И еще одно воспоминание пронзило меня: я шел по лесной тропинке, покрытой инеем, по такой же вот тропинке мне случалось сорок (или сорок пять?) лет назад ходить в Кан-Алтес. Священник из семейства Алтес скрывался в этом уединенном месте, и мы приходили к нему — не сразу, а небольшими группами — послушать мессу (он служил тайно, на кухне, при свете единственной свечи, используя вместо чаши стакан, а вместо облатки корочку хлеба), а потом мы возвращались домой, неся в руках корзинки, полные капусты, картофеля или свеклы — смотря что к тому времени поспевало, — стараясь не вызвать в поселке подозрений. В день святого Хосу тот же падре служил мессу у нас дома, на этот раз он священнодействовал на старинном комоде, а чашей был серебряный кубок, полученный отцом на барселонских Цветочных играх[18] в 1904 году. Но ни одна месса не оставила в памяти такого горького следа, как та, что прямо на площади возле аюнтамьенто служил полковой капеллан, когда войска «освободителей» вошли в Вальнову: ветер развевал испанский флаг[19], знамена фалангистов и карлистов[20], знамена, запятнанные кровью — прошлой и будущей. На площади выстроились ряды солдат, а полковой оркестр неожиданно прямо посреди мессы грянул оглушительный постыдный марш — попурри на тему святотатства — на глазах у ошеломленной толпы жителей: добропорядочных христиан, оплакивавших погибших родственников; поджигателей и убийц, выставлявших себя напоказ, и множества зевак и любопытных, пришедших сюда словно на ярмарку или на представление бродячего цирка. Я был тогда ребенком, но прекрасно помню, с каким чувством горечи, отвращения — будто нас вываляли в грязи — мы уходили из Вальновы, и как не походил тот путь домой на возвращение из Кан-Алтес по лесной тропинке, покрытой инеем. Возможно, кто-нибудь, услышав эти мрачные воспоминания о моем детстве, скажет, что я корчу из себя страдальца. Должно быть, так, но кое в чем мне действительно хотелось бы походить на Великого Страдальца, который предпочел смерть на кресте, не дожидаясь, пока человечество изобретет электрический стул, и лишил современных святош возможности носить на шее цепочку с золотым (а то и усыпанным бриллиантами) электрическим стульчиком.

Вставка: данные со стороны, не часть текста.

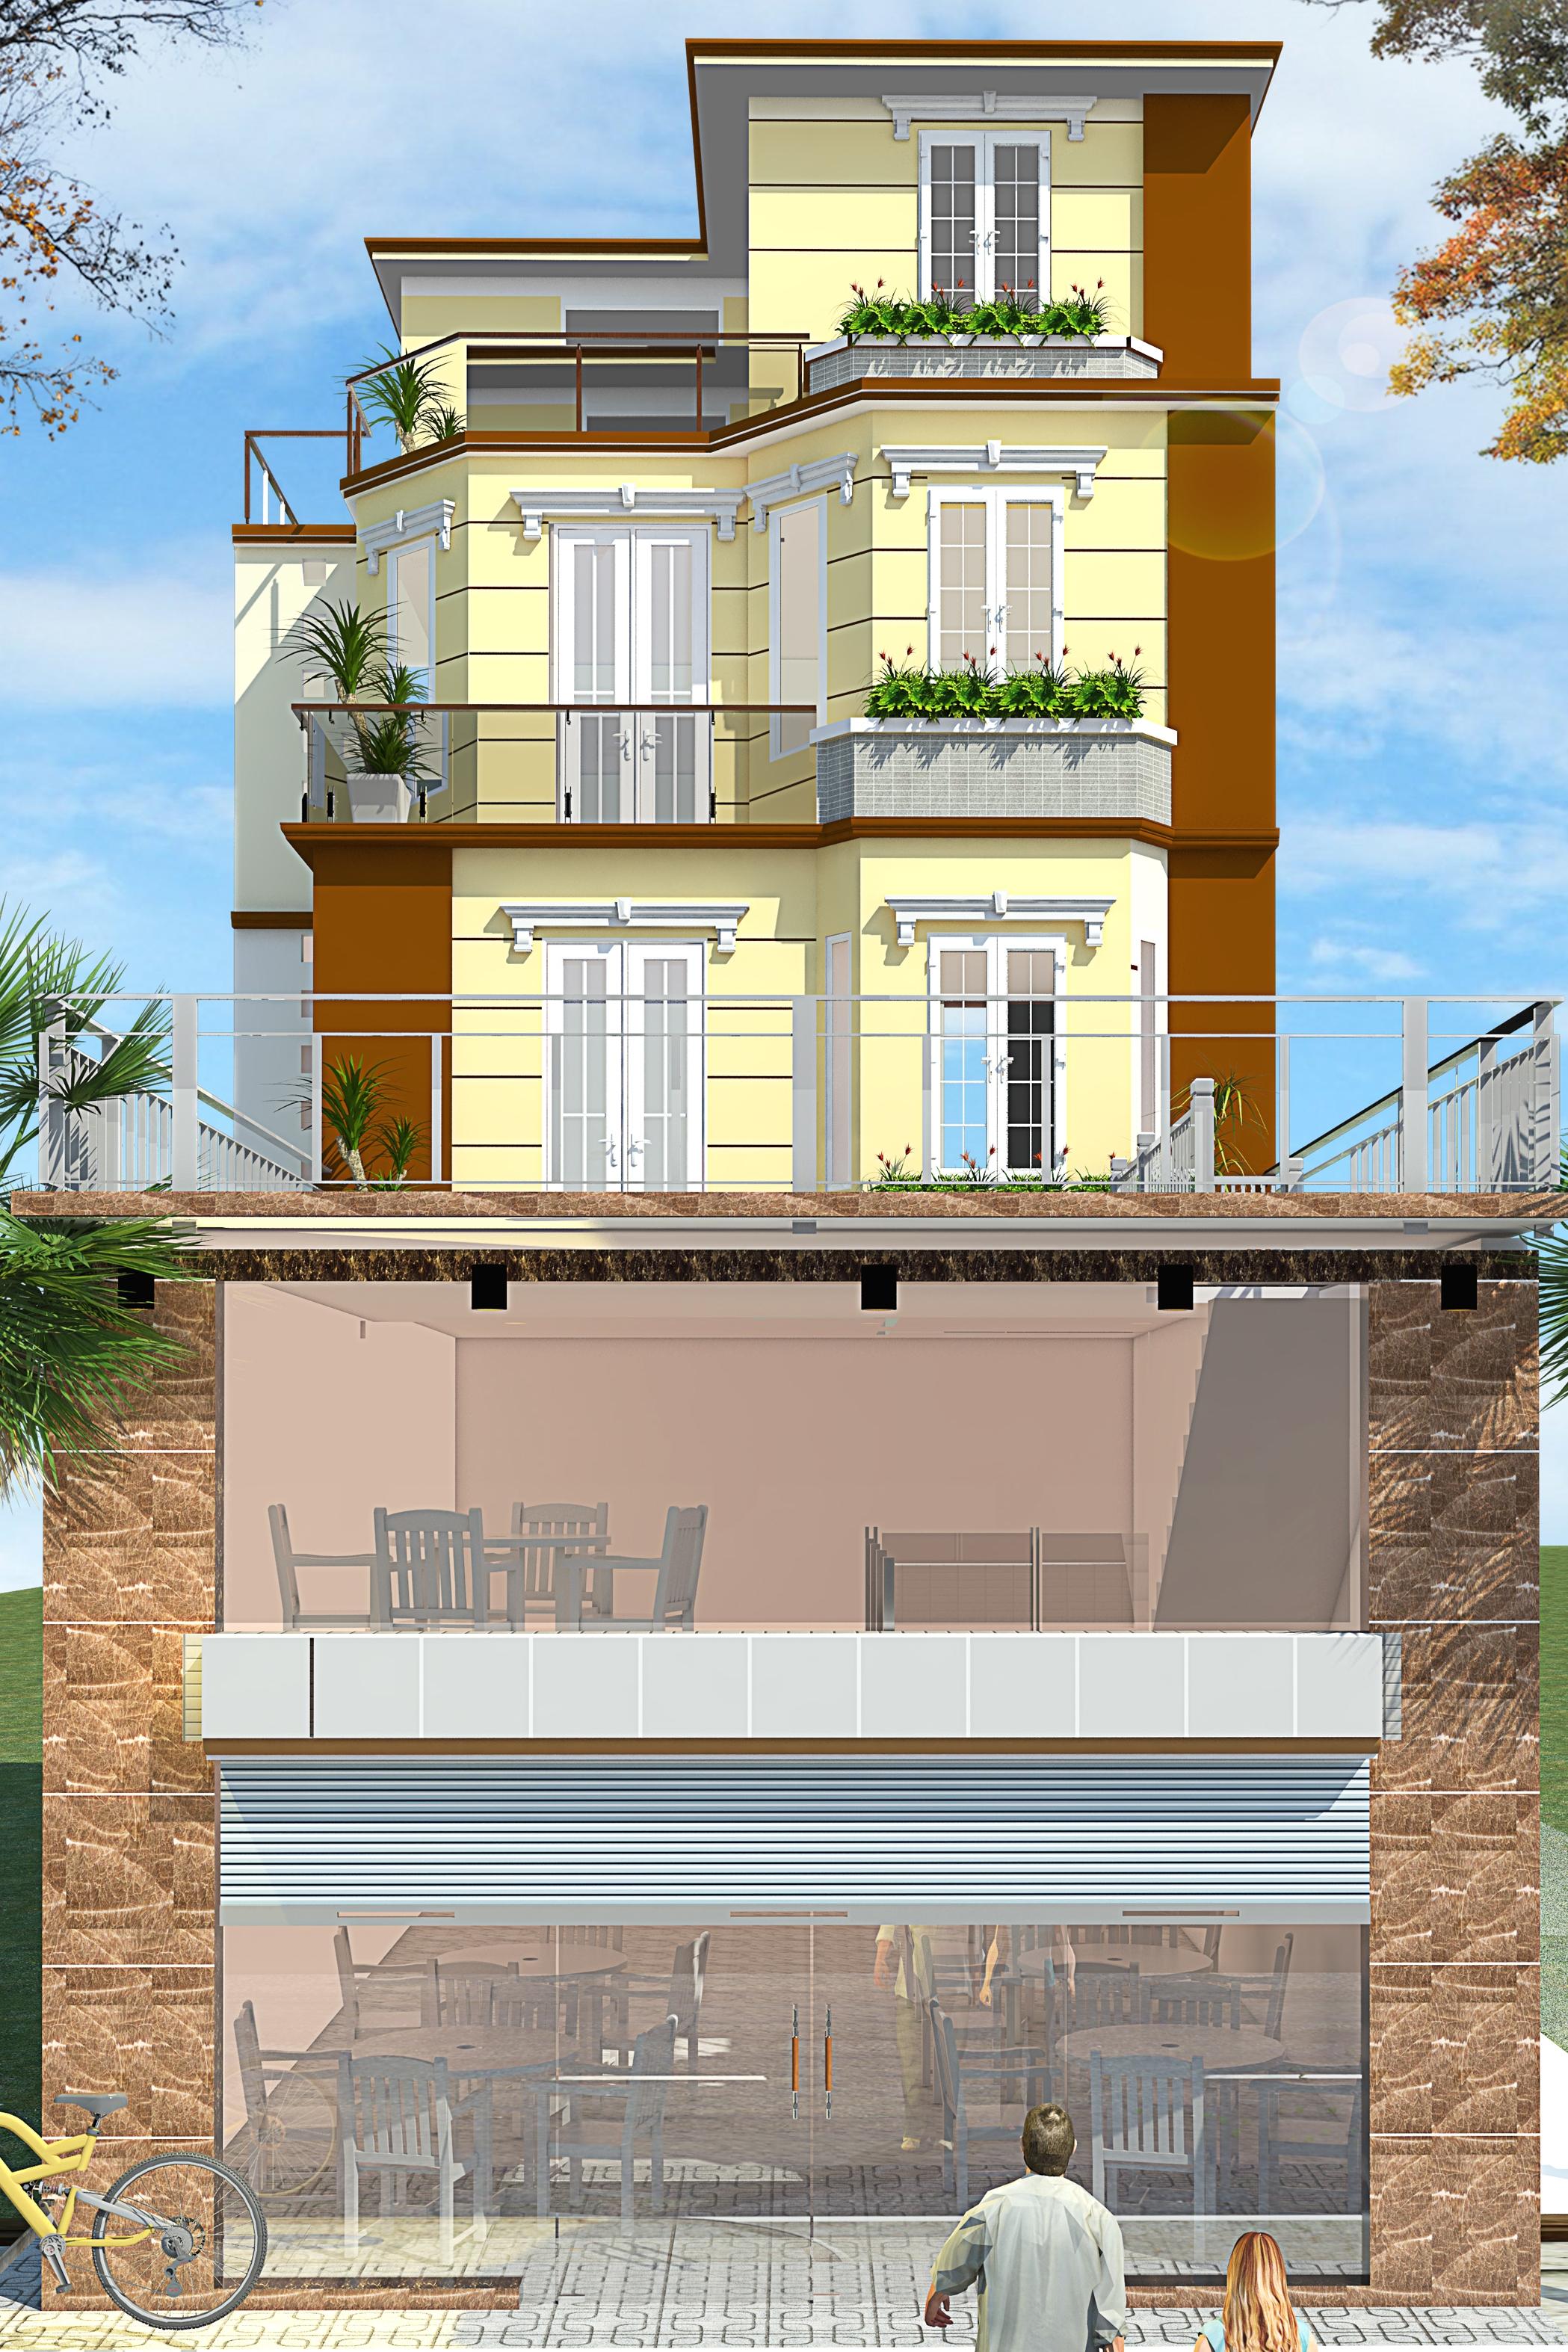 House for rent - nhà cho thuê

Отдавшись воспоминаниям, я специально сделал круг, чтобы пройти мимо сгоревшей церкви святого Элоя. Мы очень любили ее, потому что она стояла вдали от поселка, в уединенном, сокрытом от любопытных глаз месте. Глядя на поросший кустами ежевики фундамент, я вспомнил о тайных молитвах тети Эулалии, незамужней сестры матери, часто гостившей у нас летом (в тот роковой год франкистский мятеж застал ее в Вальнове). Мы любили тетю, она всегда была веселой и лучше всех рассказывала сказки, но что-то в ней отпугивало нас, возможно, тетя казалась нам фальшивой копией матери. Никто не знал о тайных молитвах тети Эулалии, пока однажды, в тот самый день, когда полковой капеллан служил на площади «фашистскую мессу», доктор Жункоза не выдал всем тетину тайну, и даже ввел ее в краску, хотя она всегда отличалась завидным румянцем.
Насколько я помню, тетя Эулалия и доктор Жункоза всегда не ладили, словно кошка с собакой, и, если мы, дети, ссорились и дрались, мама всегда говорила: «Ну, вы просто как тетя Эулалия и доктор Жункоза!», и тогда мы начинали смеяться и успокаивались. Много лет спустя, когда я начал писать, меня вдруг осенило: они ведь всю жизнь любили друг друга, хотя упрямо не желали признаваться в этом, даже сами себе. Особенно упрямой была тетя, «порядочная зануда», как говорил отец, а потом спешил добавить: «Но к нашей маме относилась с почтением», ведь «как-никак» они сестры. А с доктором тетя воевала из-за «убеждений», потому что сеньор Жункоза, старый холостяк, либерал, «вольнодумец», по словам тети, никогда не переступал порога церкви, а тетя Эулалия, «святоша», по словам доктора, только что не жила в ней.
С этими мыслями я подошел к месту, где когда-то высился алтарь, и спугнул ежа, который притаился среди мусора, а увидев меня, пустился наутек и скрылся в сухой траве.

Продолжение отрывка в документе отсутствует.